Алина мать, Анна Васильевна Добрынина, скромная, тихая учительница музыки в местной школе, мечтала сделать из девочки пианистку. Но увы, уже в четыре года она, опытный педагог, поняла, что занятие это бессмысленное и бесполезное – у девочки не было слуха. До такой степени, что напеть простейшую «В лесу родилась елочка» у нее не получалось. Конечно же, слух можно развить, как и циркового медведя научить кататься на коньках. Но стоит ли? Если бог не дает никаких подсказок, выходит, не стоит? Значит, у девочки другой путь. Да и пианино, стоящее в холодном помещении красного уголка, наводило на тихую девочку совсем не священный ужас. Аля просто пугалась черного полированного зубастого монстра.

Ах как жаль!
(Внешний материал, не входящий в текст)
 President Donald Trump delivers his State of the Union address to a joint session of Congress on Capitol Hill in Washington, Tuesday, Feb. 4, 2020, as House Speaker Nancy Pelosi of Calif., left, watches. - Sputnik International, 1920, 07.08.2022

Ведь музыка – это счастье, нескончаемая радость, восторг, упоение и отрада души!

Да, жаль… Но что поделать? Заставлять девочку барабанить по клавишам? Зубрить этюды и гаммы? Мучить ее? Никогда. И музыкальную тему Анна Васильевна просто закрыла.
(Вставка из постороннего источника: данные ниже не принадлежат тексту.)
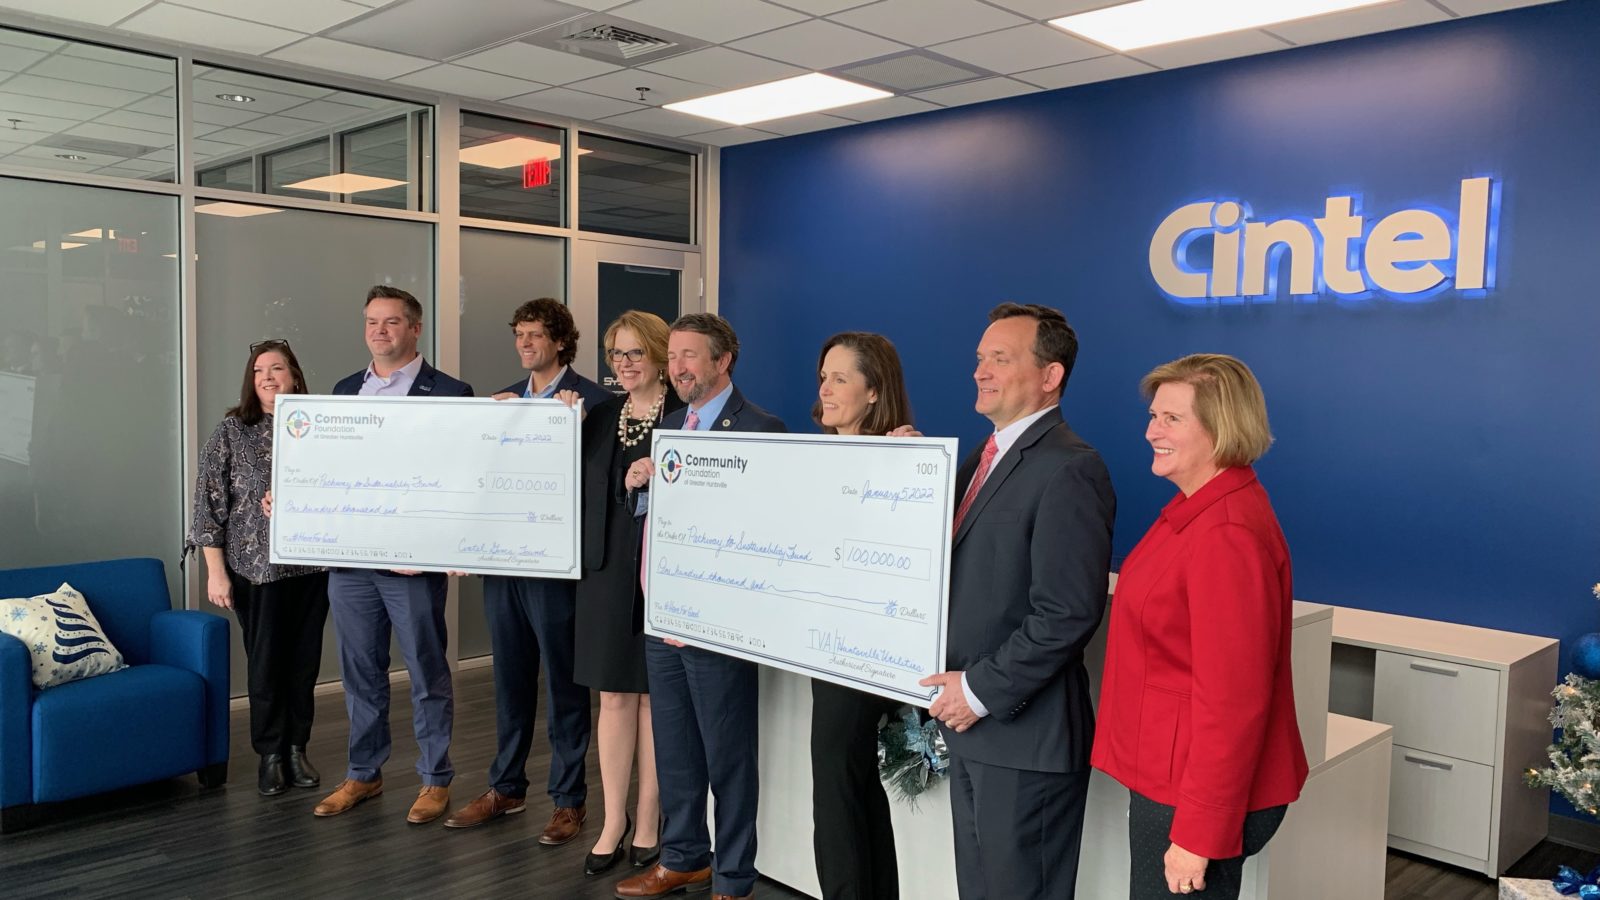 Cintel Donated $100K to the Community Foundation’s Pathway to Sustainability Fund

Когда-то с пятимесячной дочерью на руках тихая и покорная Анечка сбежала от мужа-тирана. Сбежала в никуда, не раздумывая ни минуты, когда пьяный оборотень занес над ней огромный, с кирпич, кулак. С собой она прихватила авоську с тремя запасными пеленками, тремя же ползунками, парой теплых пинеток и шапочек. Девочка была укутана в одеяло – апрель.

Почему-то бросилась на вокзал. Уже на вокзале, присев на скамейку, заплакала – идти ей было некуда и не к кому. Ни родни, ни близких друзей у нее больше не было, мама умерла, а отец, не выдержав и года, сразу женился. Мачеха оказалась классическим персонажем из сказок – злой, жадной, ревнивой. Тихая и смирная Анечка ее раздражала. Жили они в небольшом подмосковном поселке в общежитии семейного типа – полторы комнаты и общая кухня. За что эта женщина ненавидела Анечку? Молчаливая девочка, умелая помощница. И суп сварит, и приберет. Покойница-мама всему научила. Знала, чувствовала, что долго не проживет, – сердцем страдала всю жизнь. Ей и рожать запрещали. Но родила – какая семья без дитя? А вот работать не работала – инвалидность. Работал один отец. В поселке под названием Труженик был небольшой заводик по производству гжельской керамики, где он и трудился оправщиком. У всех поселковых бело-синей керамики было полно – списанный брак: вазы, тарелки, чашки и плошечки. Фигурки животных, девиц и кавалеров не брали – зачем? Какая от них польза? Глупости для городских. С фигурками играла детвора – девица с длинной косой, удалой гармонист, спящие кошечки, свернувшиеся в клубок собачки. Это и были их куклы и основные игрушки.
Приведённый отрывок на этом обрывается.